Explainer: Big Data
Big Data is a term used to describe large and complex data sets that can provide insightful conclusions when analyzed and visualized in a meaningful way. Conventional database tools do not have capabilities to manage large volumes of unstructured data.
Big Data is typically defined as a collection of data sets so large and complex that it becomes difficult to process using on-hand database management tools or traditional data processing applications. Relational database management systems and desktop statistics and visualization packages often have difficulty handling Big Data. The work instead requires “massive parallel” software running on tens, hundreds, or even thousands of servers. Big Data must be processed with advanced analytic tools and algorithms to reveal meaningful information.
Over the past five years, new Internet and biometric technologies have emerged that are able to combine silos of data from different information sources into a single unified location where data can be analyzed.
Big Data usually includes data sets with sizes beyond the ability of commonly used software tools to capture, curate, manage, and process data within a tolerable elapsed time. Big Data “size” ranges from a few dozen terabytes to many petabytes of data. Big Data is often described as a set of techniques and technologies that require new forms of integration to uncover large hidden values from large datasets that are diverse, complex, and of a massive scale.
Processes involved with Big Data include: analysis, capture, data curation, search, sharing, storage, transfer, visualization, and information privacy. The term often refers simply to the use of predictive analytics or other certain advanced methods to extract value from data, and seldom to a particular size of data set. Accuracy in Big Data may lead to more confident decision making. Better decisions can mean greater operational efficiency, cost reduction and reduced risk for enterprise and government.
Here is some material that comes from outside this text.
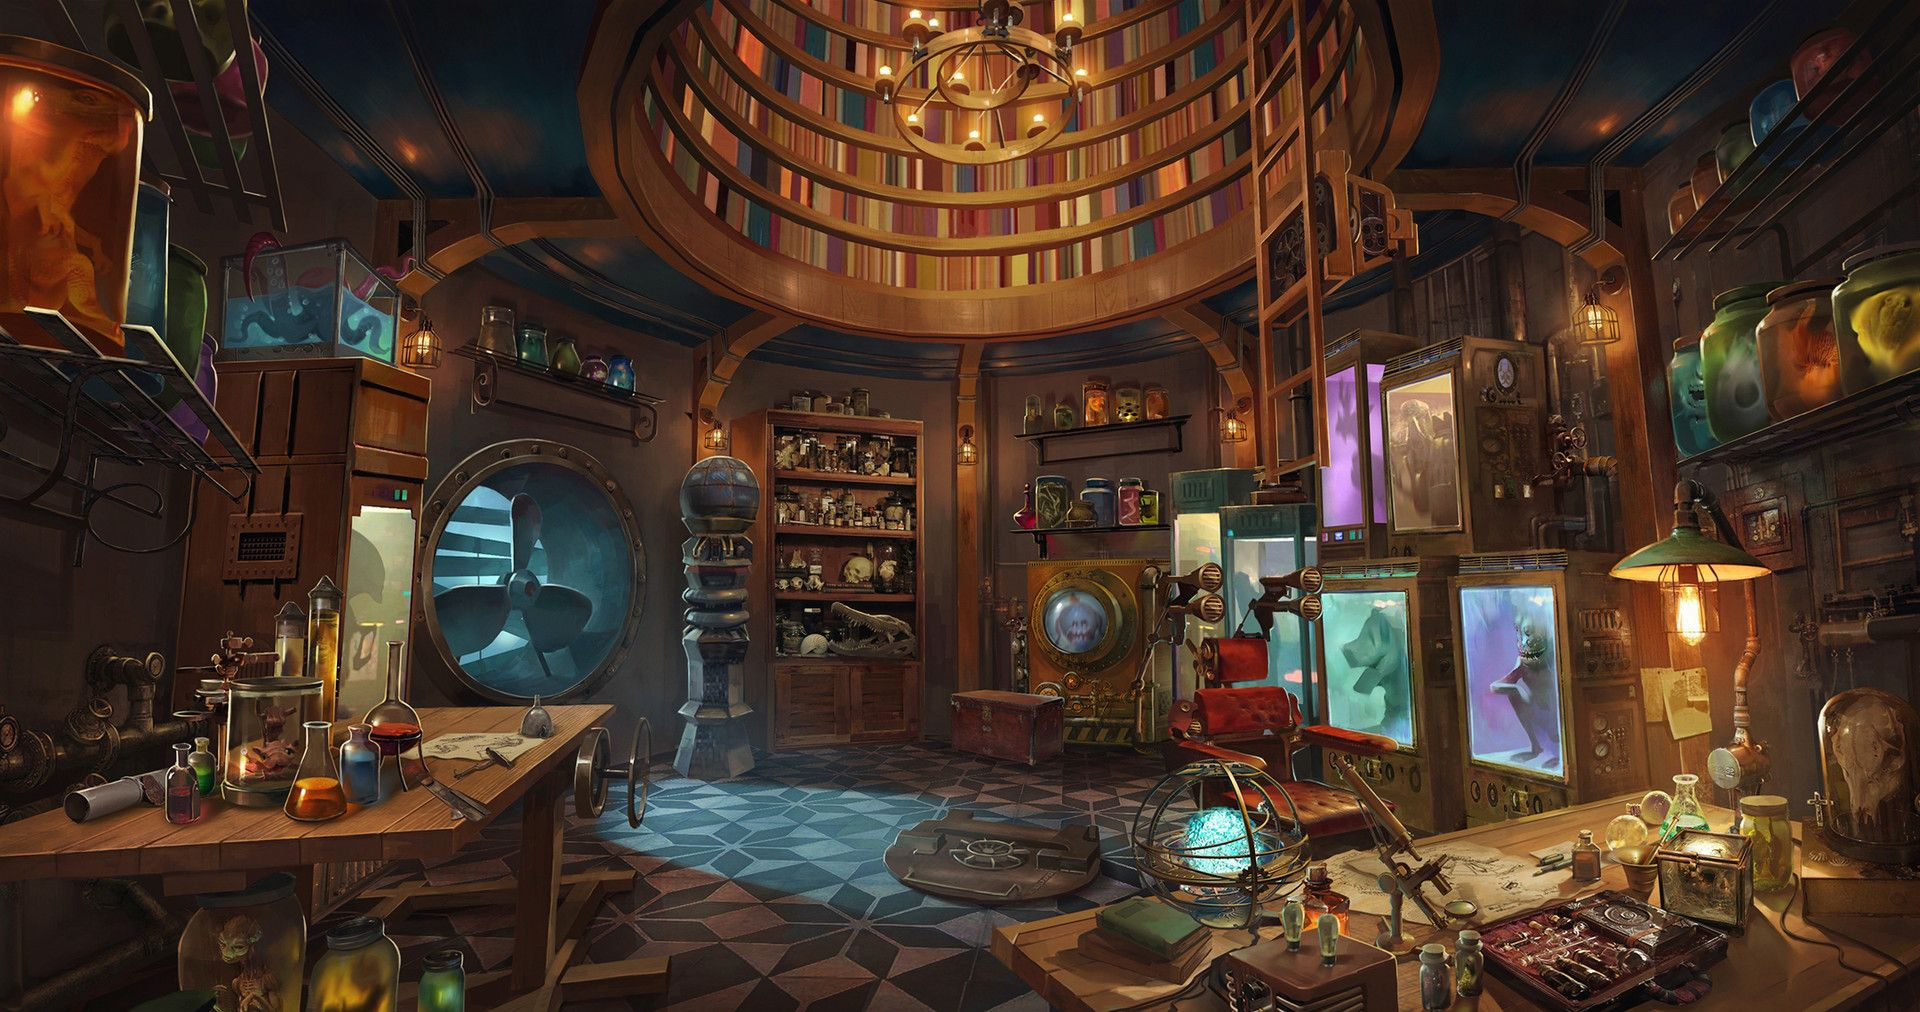 Artstation monster ego studios shawn lee fantasy art

Data sets have grown in size because they are increasingly being gathered by inexpensive and numerous information-sensing mobile and remote sensing devices, software logs, cameras, microphones, radio-frequency identification (RFID) readers, wireless sensor networks and biometric devices and databases. The world’s technological per-capita capacity to store information has roughly doubled every 40 months since the 1980s. The challenge for large enterprises is determining who should operate Big Data initiatives that run across entire organizations.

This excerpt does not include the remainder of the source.